The table() function returns a "table" object, which is nigh impossible to manipulate using R in my experience. I tend to just write my own function to circumvent this issue. Let's first create a data frame with some categorical variables/features (wide formatted data).
We can use lapply() in conjunction with the table() function found in base R to create a list of frequency counts for each feature.
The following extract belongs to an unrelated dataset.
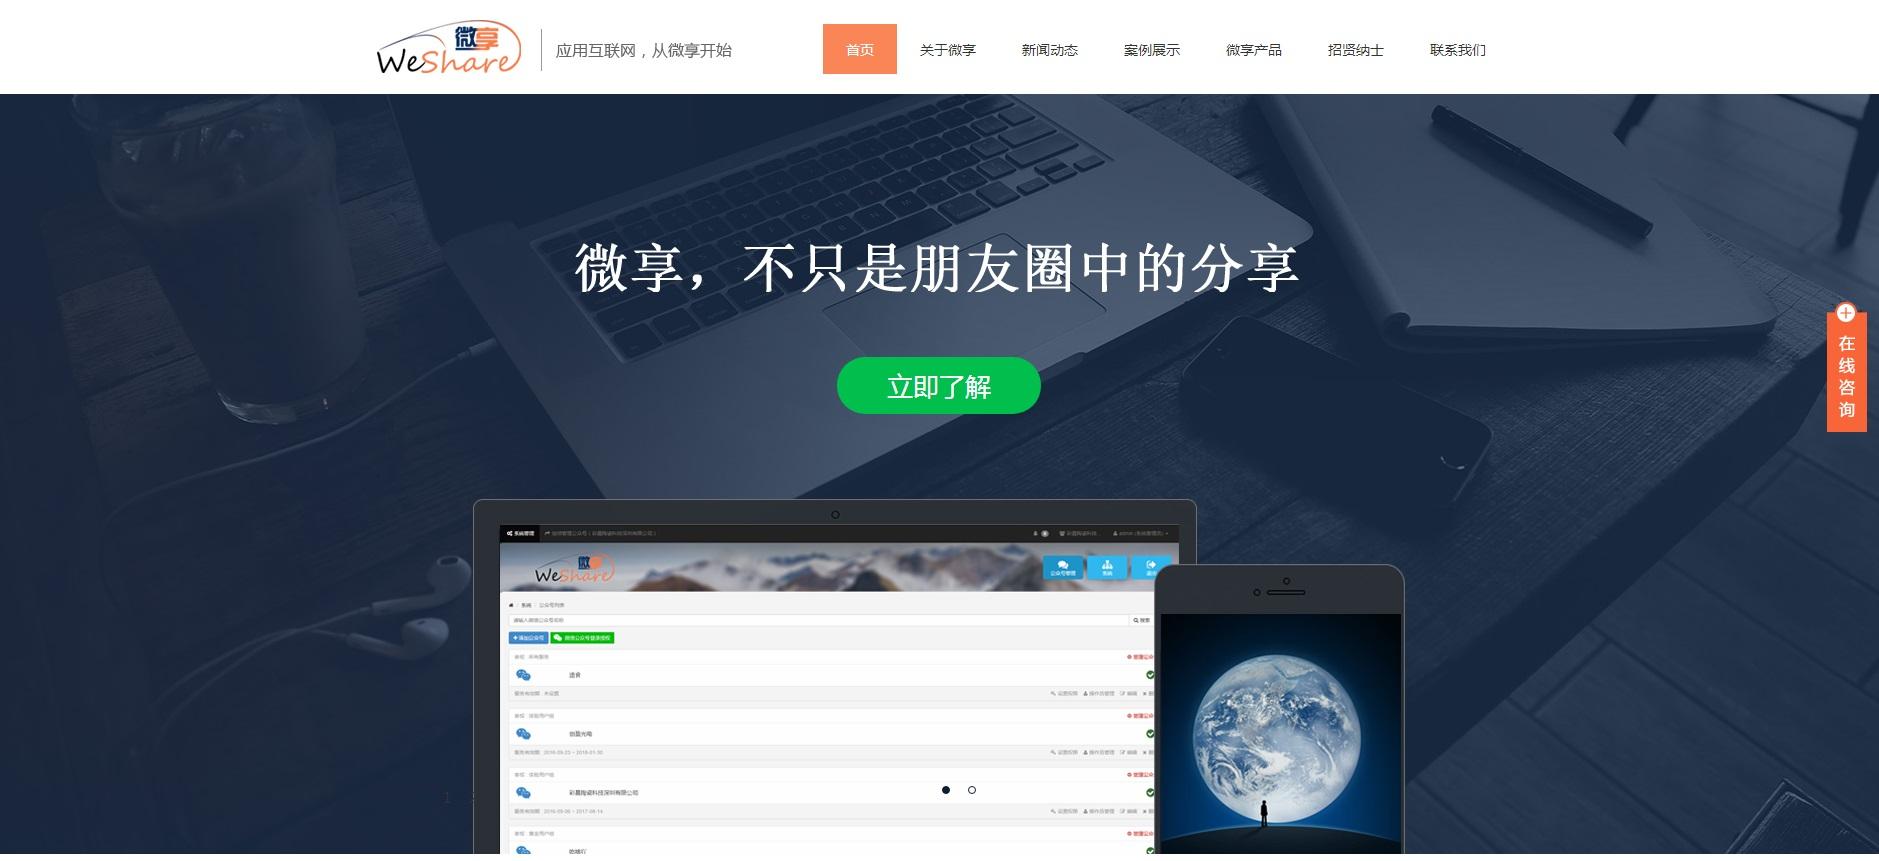 大气响应式微享微信公众服务平台网站模板

freqList = lapply(select_if(dat, is.factor),
function(x) {
df = data.frame(table(x))
names(df) = c("x", "y")
return(df)
}
)
This approach allows each list object to be easily indexed and further manipulated if necessary, which can be really handy with data frames containing a lot of features. Use print(freqList) to view all of the frequency tables.